The advantages of a five-binding satin weave in a textile membrane 1 compared to a Panama weave 2/2 according to the prior art can be explained with reference to FIGS. 3 and 4. As can be seen in FIG. 3, a weft thread 22 initially runs over a warp thread 21 and then under four warp threads 21 until the weft thread 22 is in turn guided over a warp thread 21. In contrast to this, according to FIG. 4, with a Panama weave 2/2 there is a significantly more wavy formation of a weft thread 22, since this is guided upwards more frequently over two warp threads 21 and then again under two warp threads 21. Due to this significantly wavier formation of the weft thread 22 in the finished state, the given restrictions with regard to a thickness of the textile membrane 1 leave much less scope for the application of the PVC coating layers 3. In other words: the PVC coating layers 3 cannot with the The same strength is formed as in the case of an atlas binding according to FIG. 3. In this respect, it was surprisingly found that the required strengths can also be achieved with an atlas binding, but in addition there are clear advantages with regard to the formation of a thicker PVC coating layer 3, which in resulting in better weather resistance.

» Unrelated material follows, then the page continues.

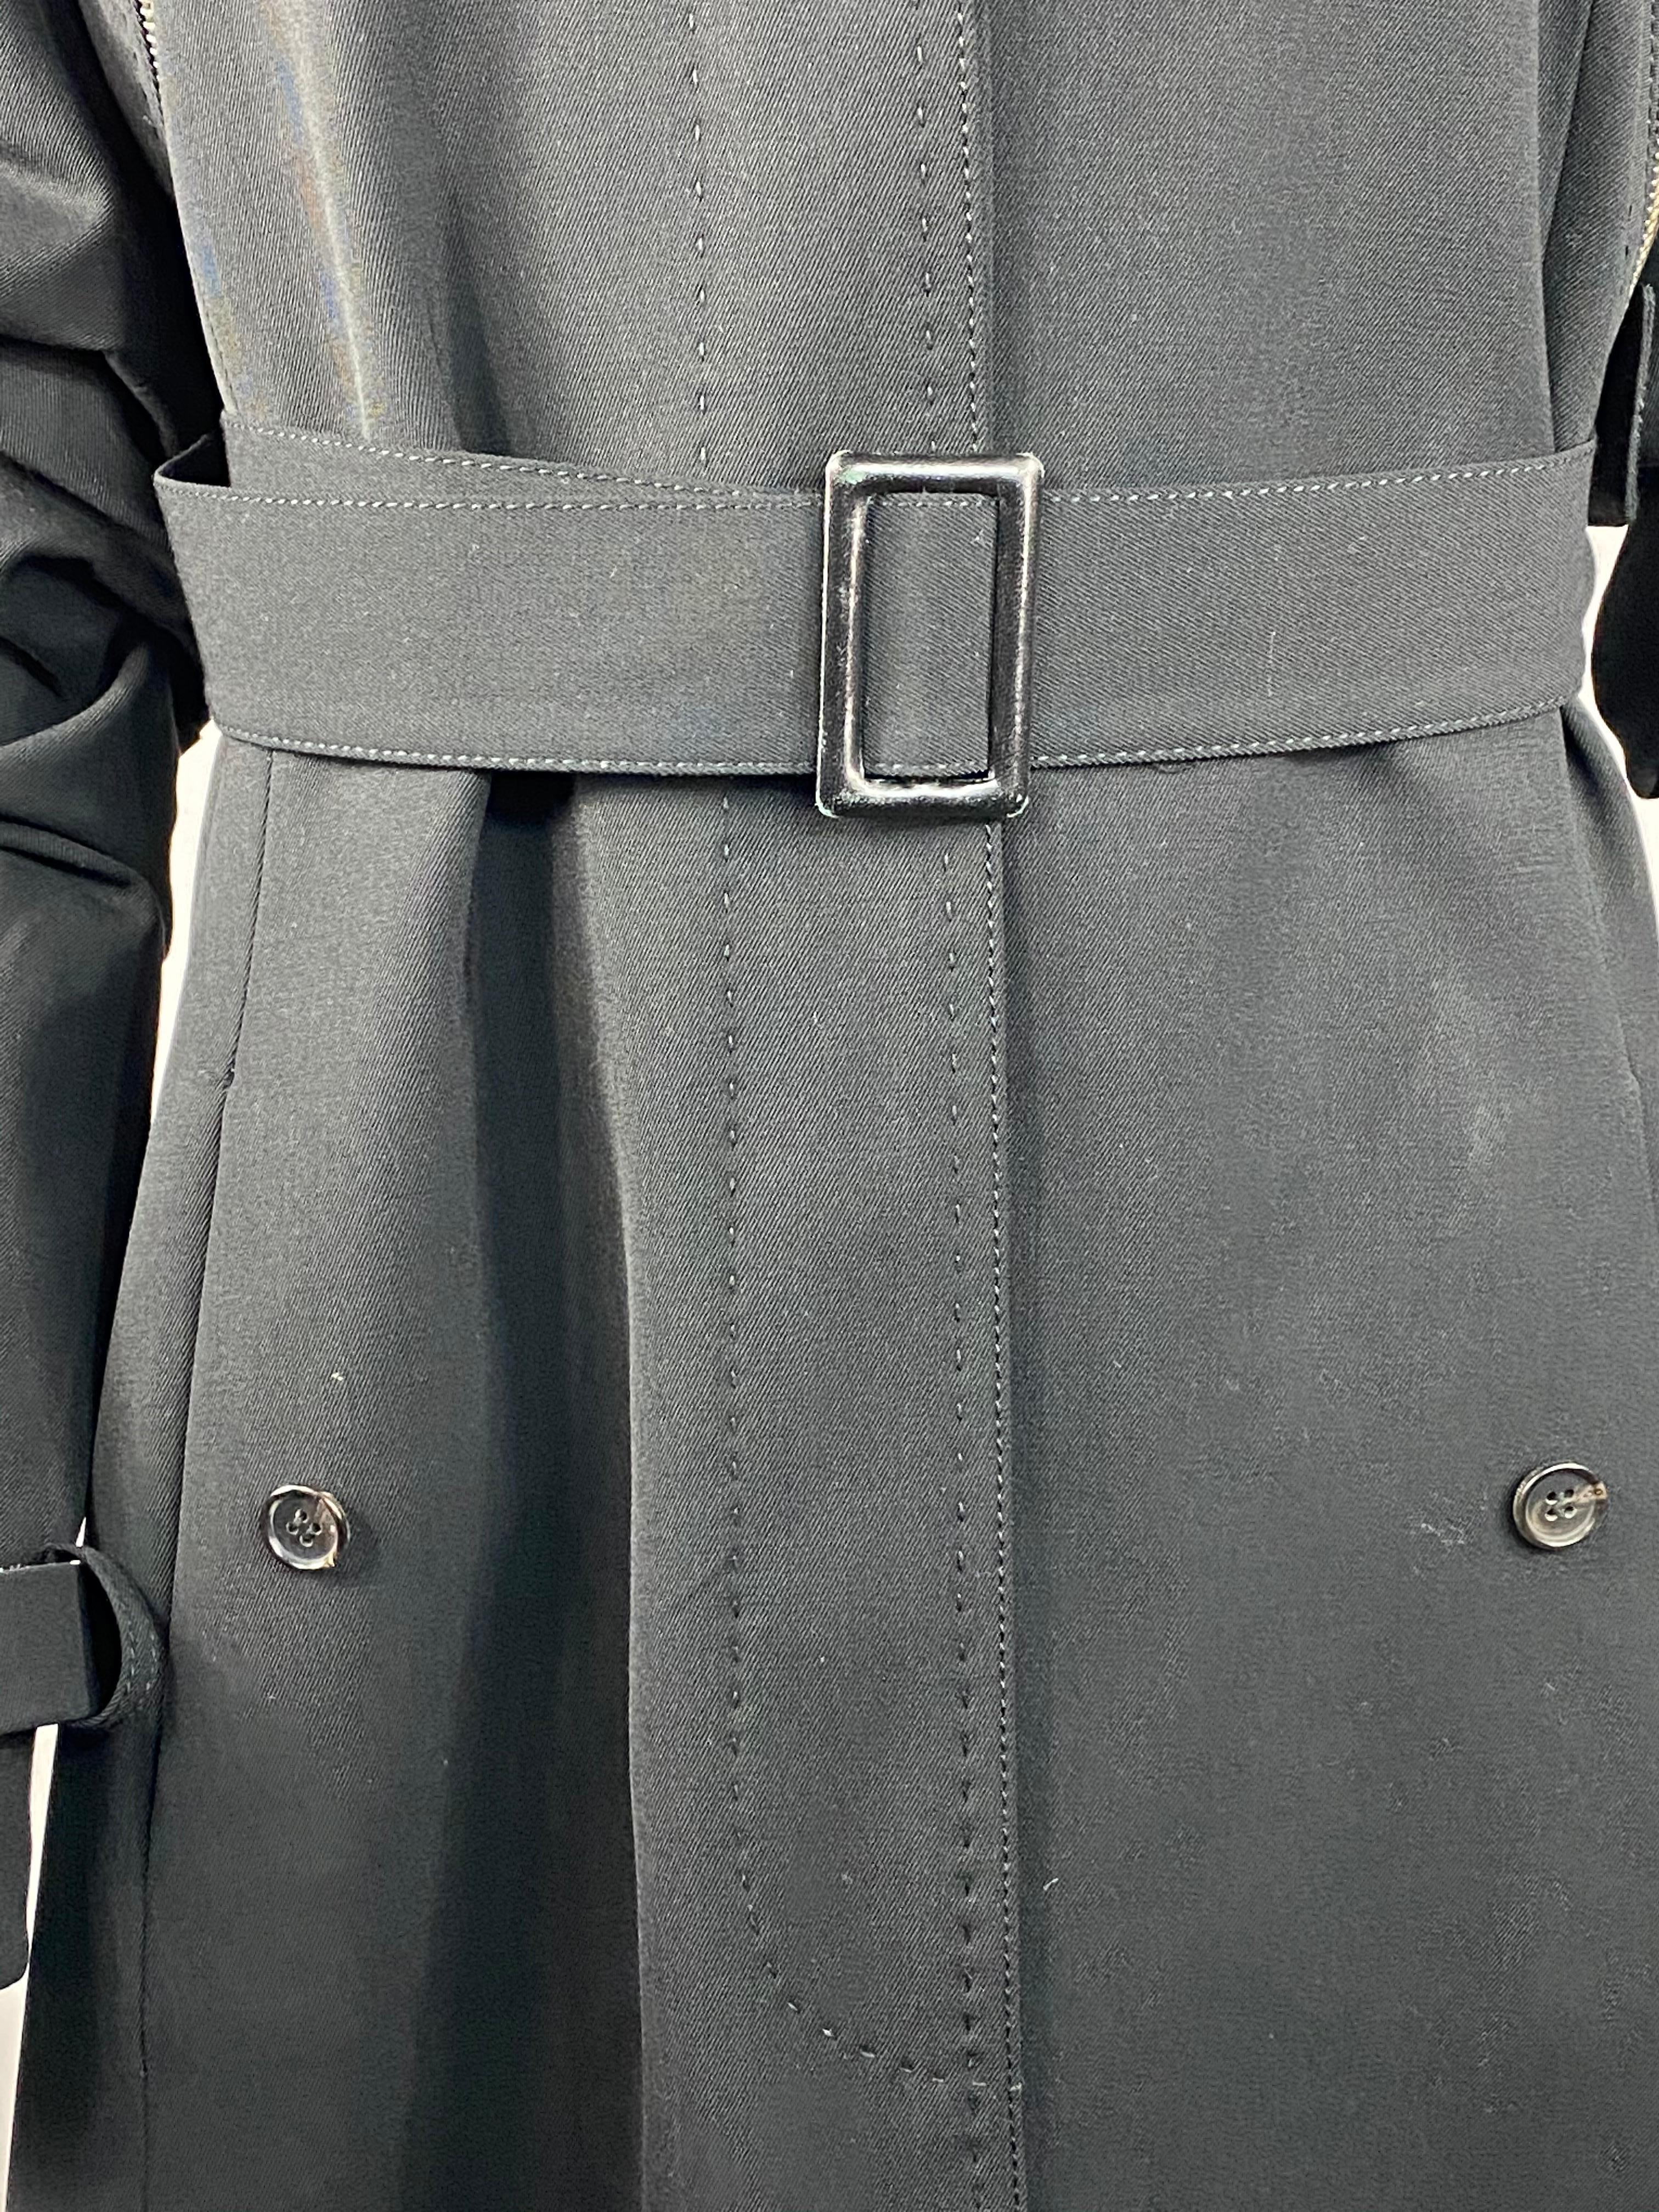 Gianfranco Ferre Black Wool Long Coat Jacket w/ Belt Size 44 For Sale 9

In other words, it can also be said that the same mechanical properties are achieved with thinner (raw) goods, due to an increased warp and weft density.

The course of the weft threads 22 with a less wavy design, as can be seen in FIG. 3 in comparison to FIG. 4, also leads to a significantly improved elongation behavior. Corresponding measurement results are shown in FIG. 5. As can be seen, there is a significantly greater difference between the warp threads 21 and the weft threads 22 with a Panama weave 2/2 than with an atlas weave.

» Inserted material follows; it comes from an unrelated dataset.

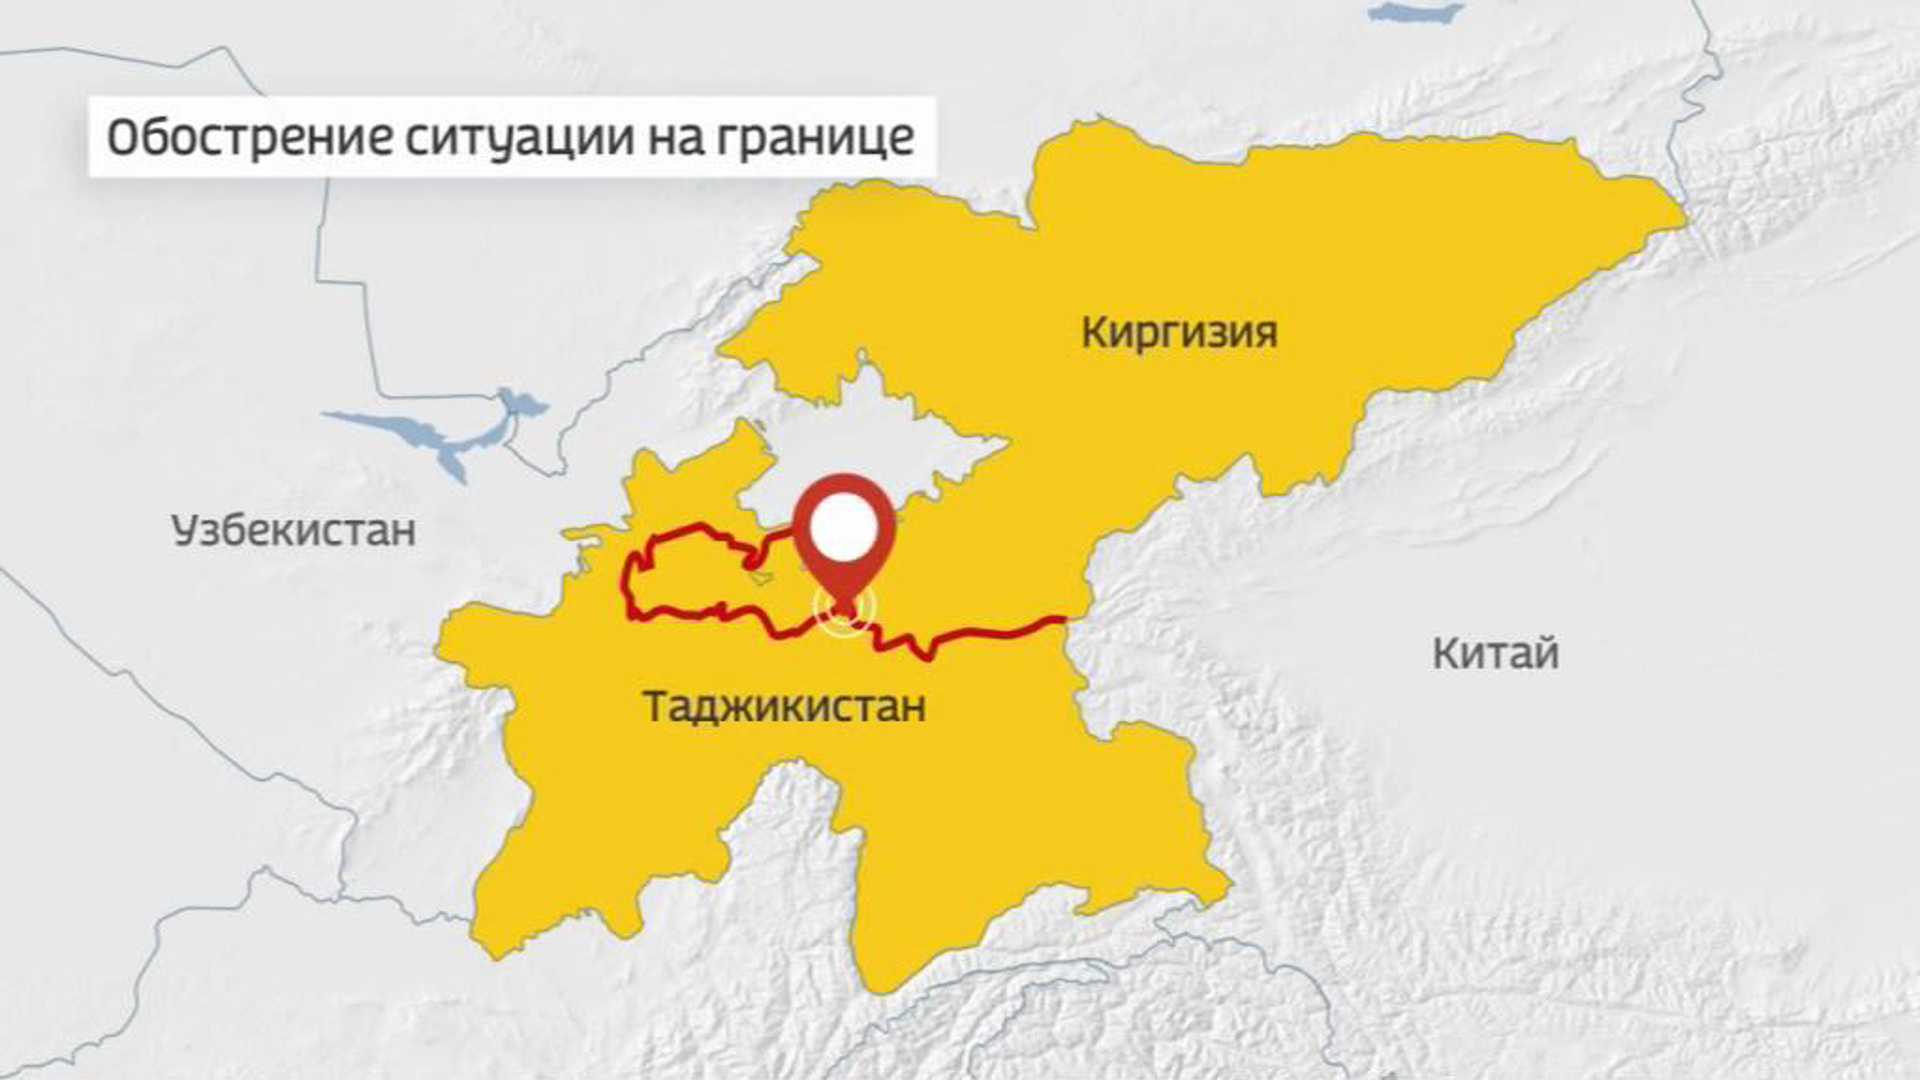 Таджикские территории. Граница Киргизии и Таджикистана на карте. Карта Кыргызстана и Таджикистана. Граница между Киргизией и Таджикистаном на карте. Кыргызстан Таджикистан граница карта.

Overall, a thickness of a PVC coating layer 3 can thus be optimized with a textile membrane 1 according to the invention with an atlas weave while achieving the required strengths and the fulfillment of other architectural parameters, and at the same time the elongation behavior is improved, since this is less strongly asymmetrical. Finally, there is also improved transmitted light behavior and good haptics, since an outer surface is designed to be significantly smoother than according to the prior art.

Claims (12)

1. membrane (1) for textile architecture, comprising a fabric layer (2) with warp threads (21) and weft threads (22) with a thread titer of the warp threads (21) and the weft threads (22) each of at least 550 dtex and at least one coating layer ( 3), which is applied to the fabric layer (2), characterized in that the fabric layer (2) is formed with a floating of the weft threads (22) over at least four warp threads (21). 2. Membrane (1) according to claim 1, characterized in that the fabric layer (2) is formed with an atlas weave. 3. Membrane (1) according to claim 1 or 2, characterized in that the thread titer is at least 800 dtex, for example 10000 dtex, preferably 1100 dtex or more. 4. Membrane (1) according to one of claims 1 to 3, characterized in that the weft threads (22) are guided over five to seven warp threads (21). 5. membrane (1) according to one of claims 1 to 4, characterized in that the warp threads (21) and / or the weft threads (22), preferably each, are formed from a multifilament yarn. 6. membrane (1) according to any one of claims 1 to 5, characterized in that the warp threads and / or the weft threads are formed from a polyester. 7. membrane (1) according to any one of claims 1 to 6, characterized in that a thickness of the membrane (1) is 500 microns to 1300 microns, preferably 600 microns to 1200 microns, in particular 700 microns to 1000 microns. 8. membrane (1) according to one of claims 1 to 7, characterized in that a weight per unit area of the membrane (1) is at least 600 grri ² , preferably 700 grri ² to 1800 grri ² . 9. membrane (1) according to one of claims 1 to 8, characterized in that the fabric layer (2) is provided on both sides with a coating. 10. membrane (1) according to claim 9, characterized in that the coating of PVC coating layers (3) is formed. 11. Membrane (1) according to claim 10, characterized in that in each case a lacquer coating layer (4) is applied to the PVC coating layers (3). 12. Object with a membrane according to one of claims 1 to 11.